------ Records shown
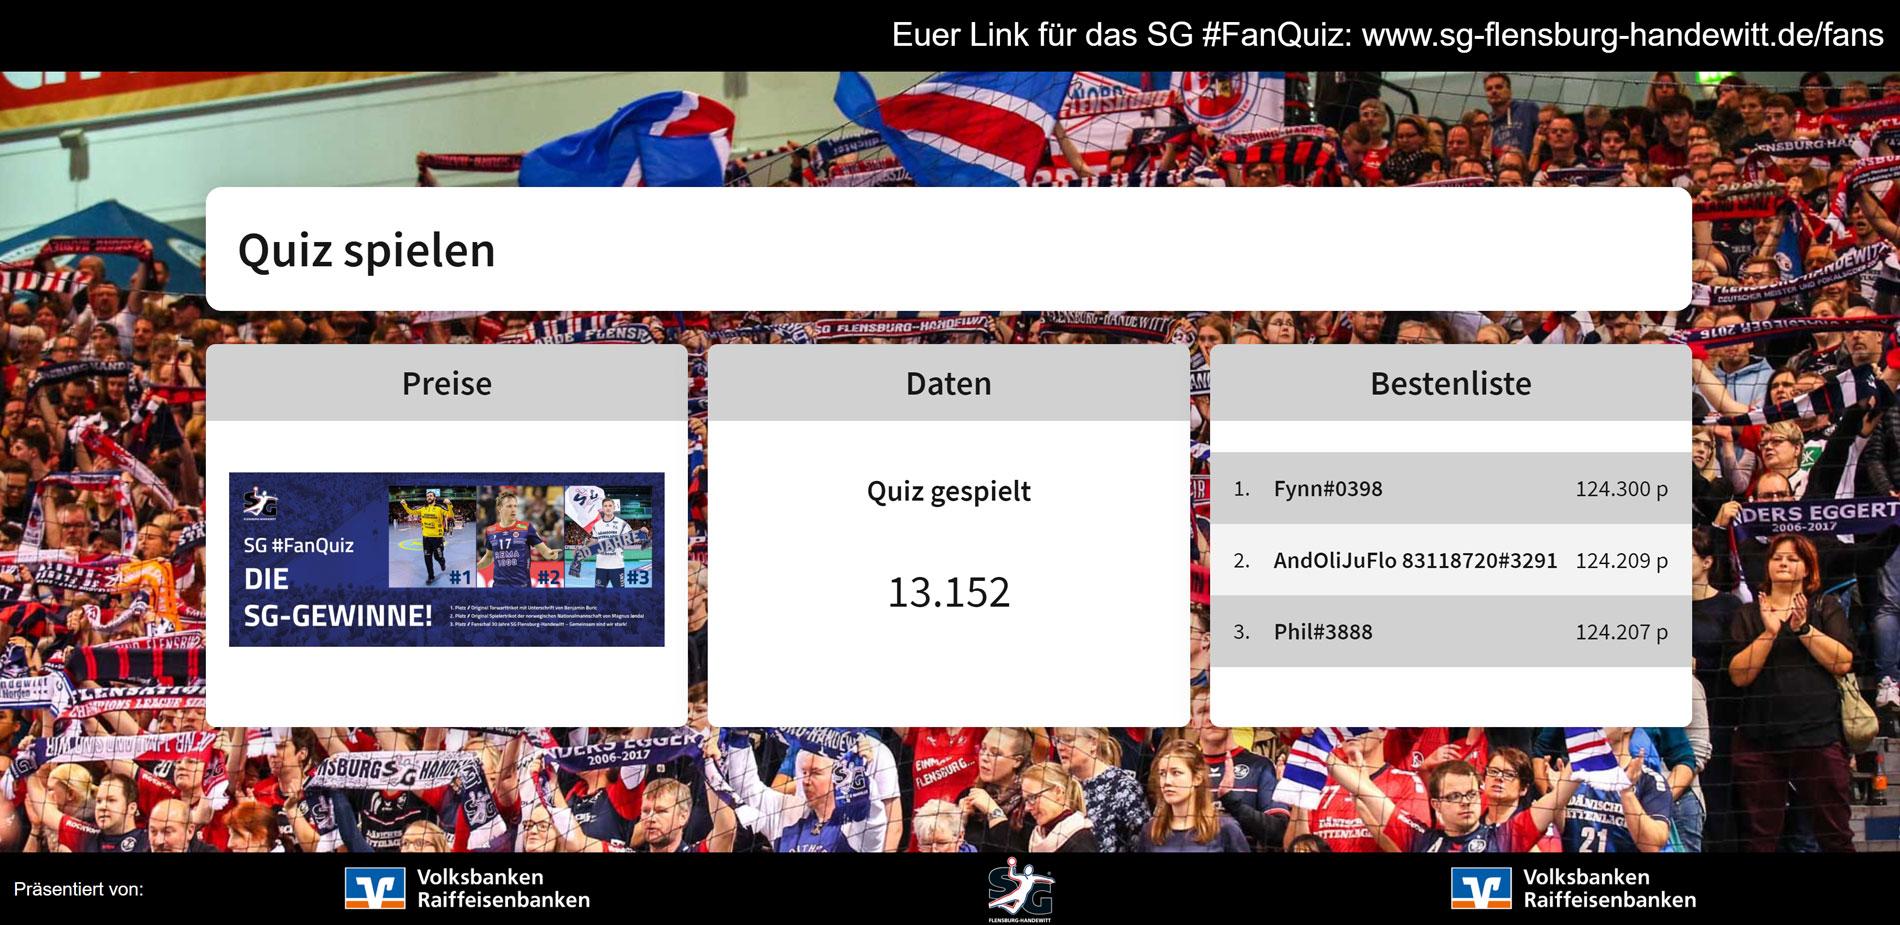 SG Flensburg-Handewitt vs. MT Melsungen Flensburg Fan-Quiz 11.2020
------------
------ Records shown
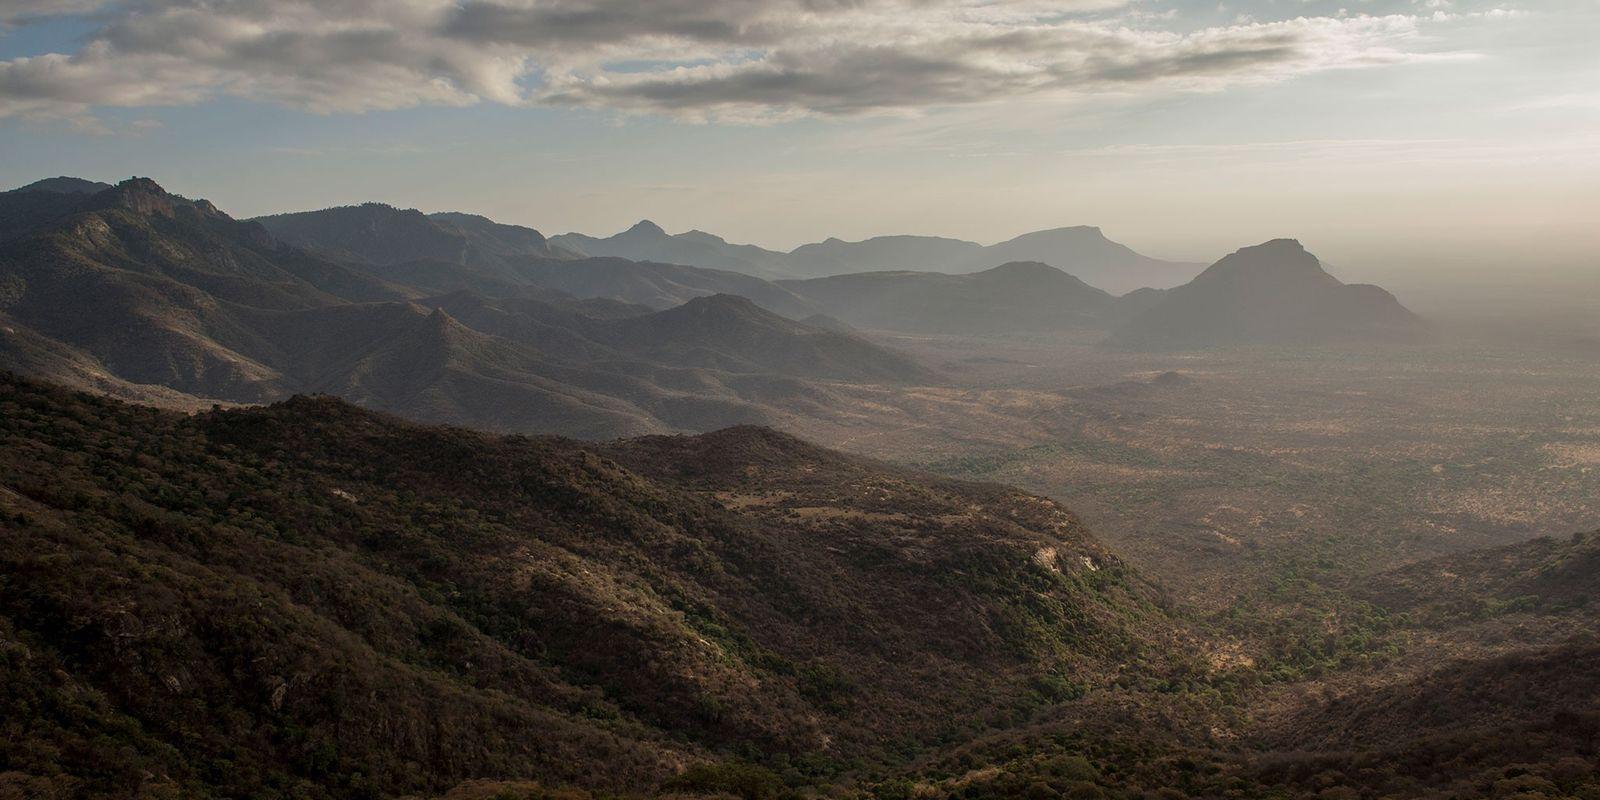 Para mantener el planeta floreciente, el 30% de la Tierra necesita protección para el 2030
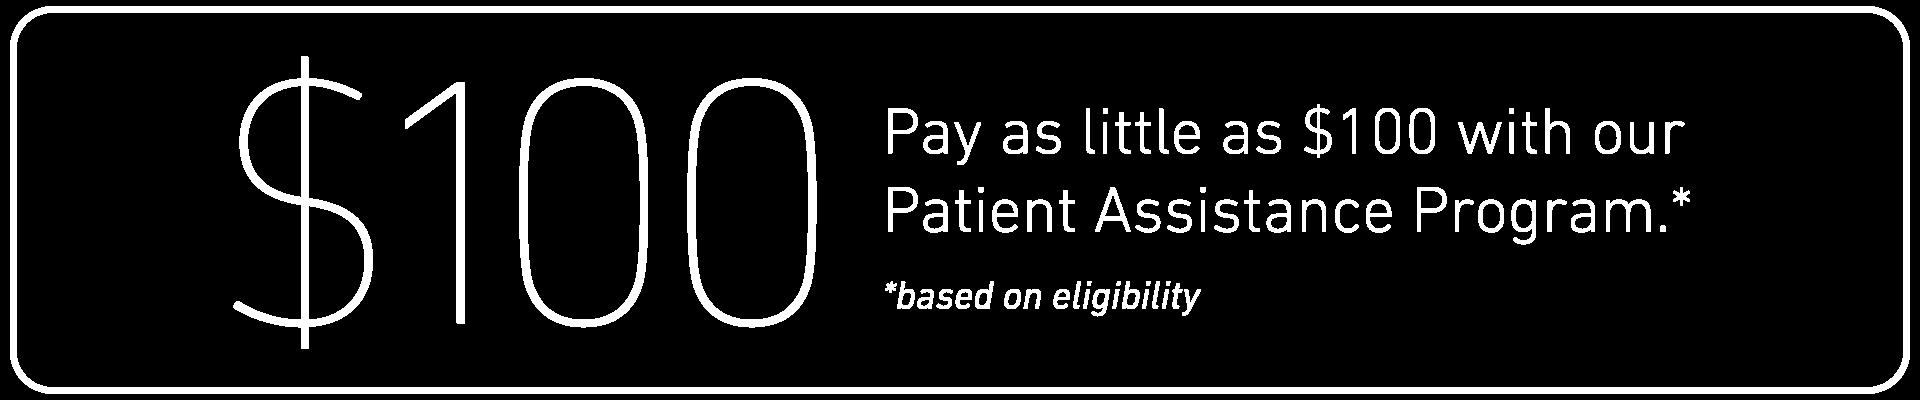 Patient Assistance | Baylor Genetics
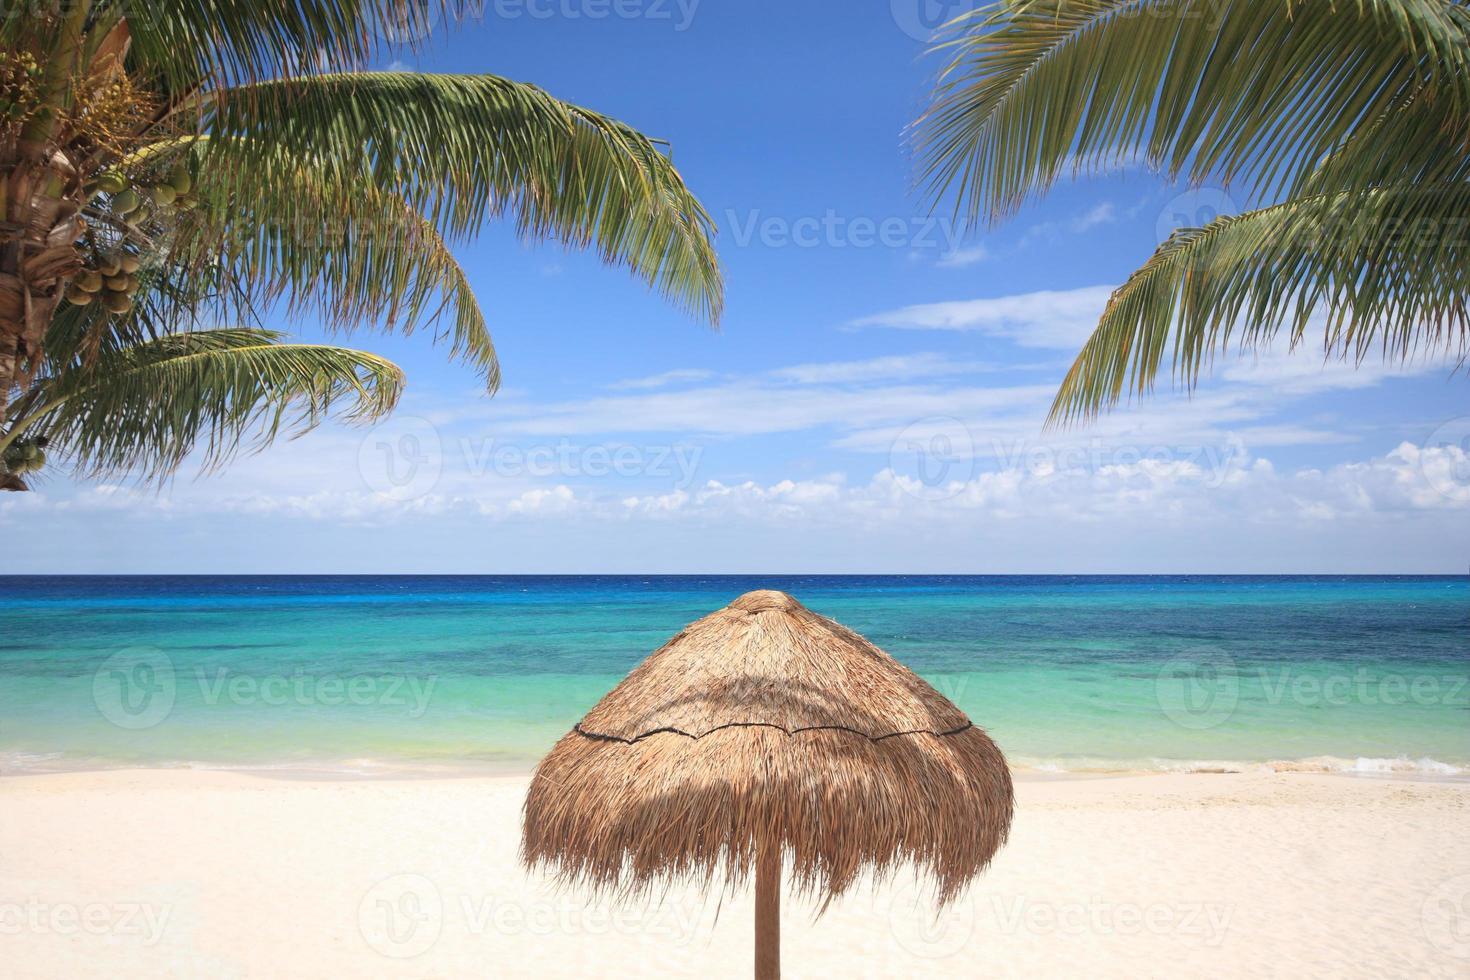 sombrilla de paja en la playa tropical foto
------------
Give back, exactly and without pictures, the stretch of the records above from the line containing "Patient Assistance | Baylor Genetics" through the line containing "sombrilla de paja en la playa tropical foto", with both end lines included.

▸ **Reply to the exercise**
 Patient Assistance | Baylor Genetics
 sombrilla de paja en la playa tropical foto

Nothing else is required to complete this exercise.